## WHAT THE TASK ASKS
Which of the lines in the data mention the string "severity"? List them all.

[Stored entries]
== Segment start ==

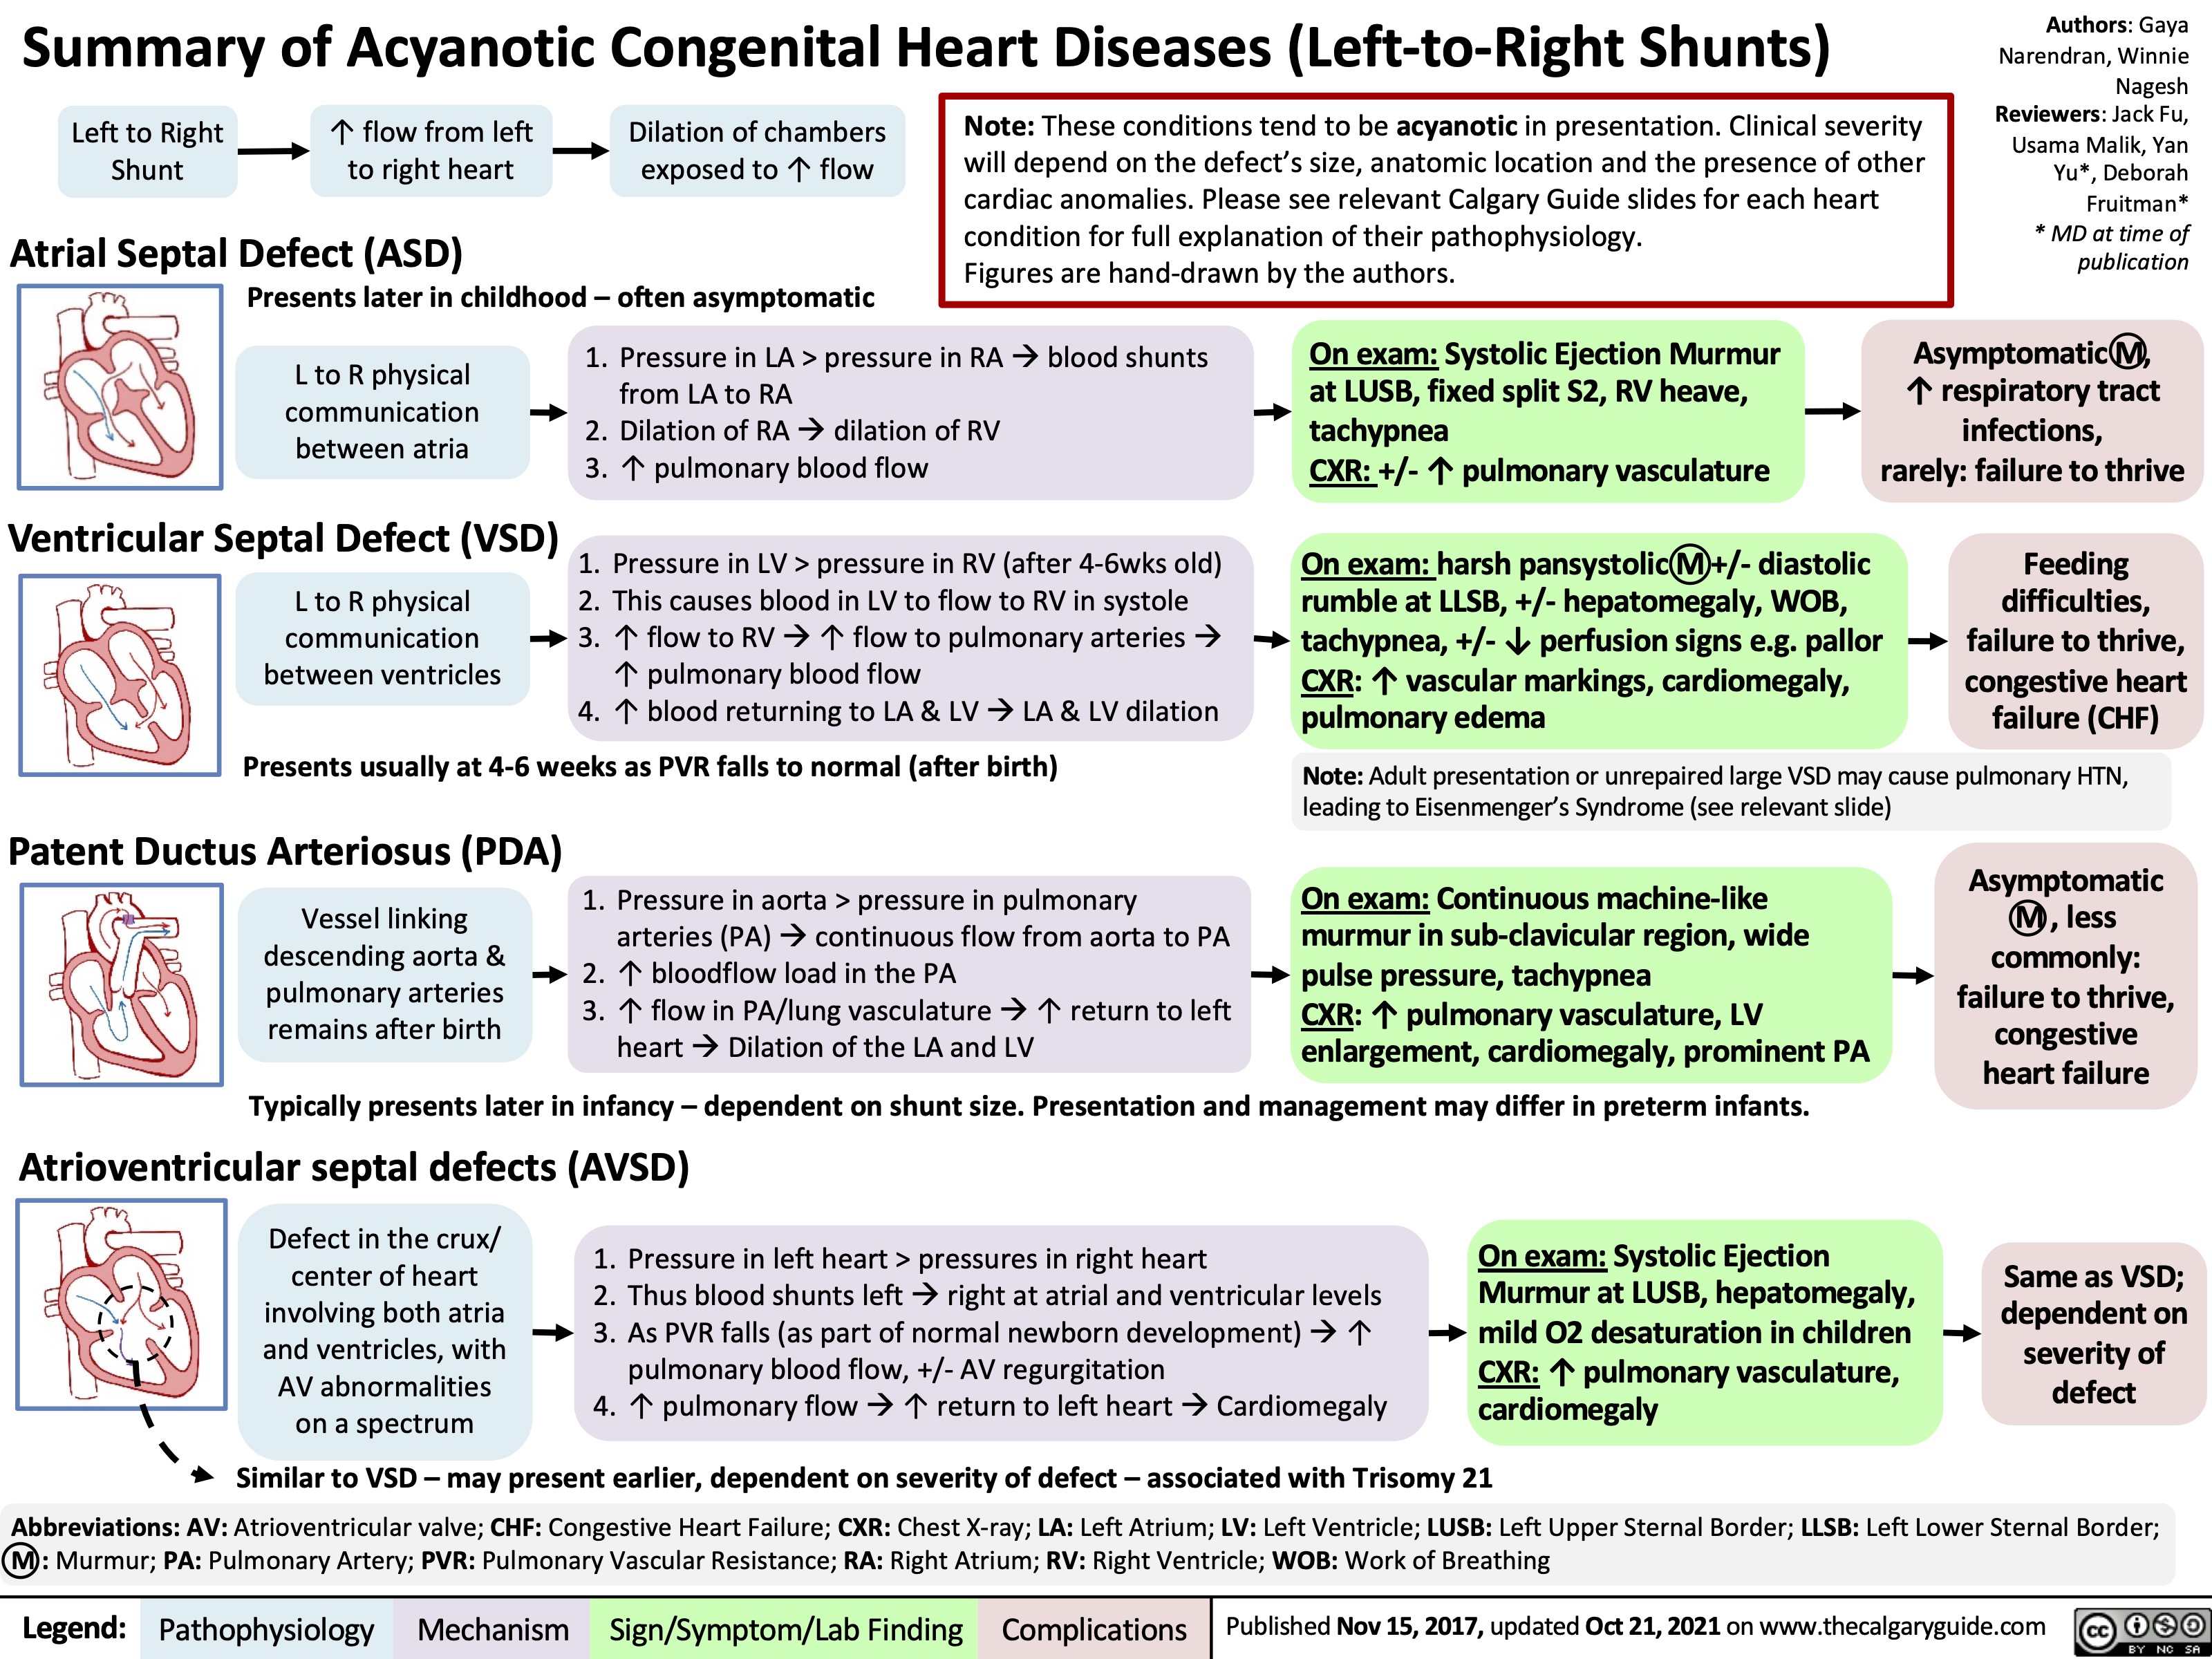 Summary of Acyanotic Congenital Heart Diseases (Left-to-Right Shunts)
Authors: Gaya Narendran, Winnie Nagesh Reviewers: Jack Fu, Usama Malik, Yan Yu*, Deborah Fruitman* * MD at time of publication
Asymptomatic M, ↑ respiratory tract infections, rarely: failure to thrive
    Left to Right Shunt
↑ flow from left to right heart
Dilation of chambers exposed to ↑ flow
Atrial Septal Defect (ASD)
Presents later in childhood – often asymptomatic
Note: These conditions tend to be acyanotic in presentation. Clinical severity will depend on the defect’s size, anatomic location and the presence of other cardiac anomalies. Please see relevant Calgary Guide slides for each heart condition for full explanation of their pathophysiology.
Figures are hand-drawn by the authors.
     L to R physical communication between atria
1. Pressure in LA > pressure in RA à blood shunts from LA to RA
2. Dilation of RAàdilation of RV 3. ↑ pulmonary blood flow
On exam: Systolic Ejection Murmur at LUSB, fixed split S2, RV heave, tachypnea
CXR: +/- ↑ pulmonary vasculature
 Ventricular Septal Defect (VSD) 1. Pressure in LV > pressure in RV (after 4-6wks old)
On exam: harsh pansystolic M +/- diastolic rumble at LLSB, +/- hepatomegaly, WOB, tachypnea, +/- ↓ perfusion signs e.g. pallor CXR: ↑ vascular markings, cardiomegaly, pulmonary edema
Feeding difficulties, failure to thrive, congestive heart failure (CHF)
      L to R physical communication between ventricles
2. This causes blood in LV to flow to RV in systole
3. ↑ flow to RVà↑ flow to pulmonary arteriesà
↑ pulmonary blood flow
4. ↑ blood returning to LA & LVàLA & LV dilation
Presents usually at 4-6 weeks as PVR falls to normal (after birth) Patent Ductus Arteriosus (PDA)
1. Pressure in aorta > pressure in pulmonary arteries (PA) à continuous flow from aorta to PA
2. ↑ bloodflow load in the PA
3. ↑ flow in PA/lung vasculature à ↑ return to left
Note: Adult presentation or unrepaired large VSD may cause pulmonary HTN, leading to Eisenmenger’s Syndrome (see relevant slide)
      Vessel linking descending aorta & pulmonary arteries remains after birth
On exam: Continuous machine-like murmur in sub-clavicular region, wide pulse pressure, tachypnea
CXR: ↑ pulmonary vasculature, LV enlargement, cardiomegaly, prominent PA
Asymptomatic M , less commonly: failure to thrive, congestive heart failure
 heart à Dilation of the LA and LV
Typically presents later in infancy – dependent on shunt size. Presentation and management may differ in preterm infants.
Atrioventricular septal defects (AVSD)
  Defect in the crux/ center of heart involving both atria and ventricles, with AV abnormalities on a spectrum
1. Pressure in left heart > pressures in right heart
2. Thus blood shunts left à right at atrial and ventricular levels 3. As PVR falls (as part of normal newborn development) à ↑
pulmonary blood flow, +/- AV regurgitation
4. ↑ pulmonary flow à ↑ return to left heart à Cardiomegaly
On exam: Systolic Ejection
Murmur at LUSB, hepatomegaly,
mild O2 desaturation in children
CXR: ↑ pulmonary vasculature,
cardiomegaly defect
   Similar to VSD – may present earlier, dependent on severity of defect – associated with Trisomy 21
Abbreviations: AV: Atrioventricular valve; CHF: Congestive Heart Failure; CXR: Chest X-ray; LA: Left Atrium; LV: Left Ventricle; LUSB: Left Upper Sternal Border; LLSB: Left Lower Sternal Border; M : Murmur; PA: Pulmonary Artery; PVR: Pulmonary Vascular Resistance; RA: Right Atrium; RV: Right Ventricle; WOB: Work of Breathing
Same as VSD; dependent on severity of
    Legend:
 Pathophysiology
 Mechanism
Sign/Symptom/Lab Finding
 Complications
 Published Nov 15, 2017, updated Oct 21, 2021 on www.thecalgaryguide.com

== Segment end ==

## RESPONSE BELOW
Note: These conditions tend to be acyanotic in presentation. Clinical severity will depend on the defect’s size, anatomic location and the presence of other cardiac anomalies. Please see relevant Calgary Guide slides for each heart condition for full explanation of their pathophysiology.
   Similar to VSD – may present earlier, dependent on severity of defect – associated with Trisomy 21
Same as VSD; dependent on severity of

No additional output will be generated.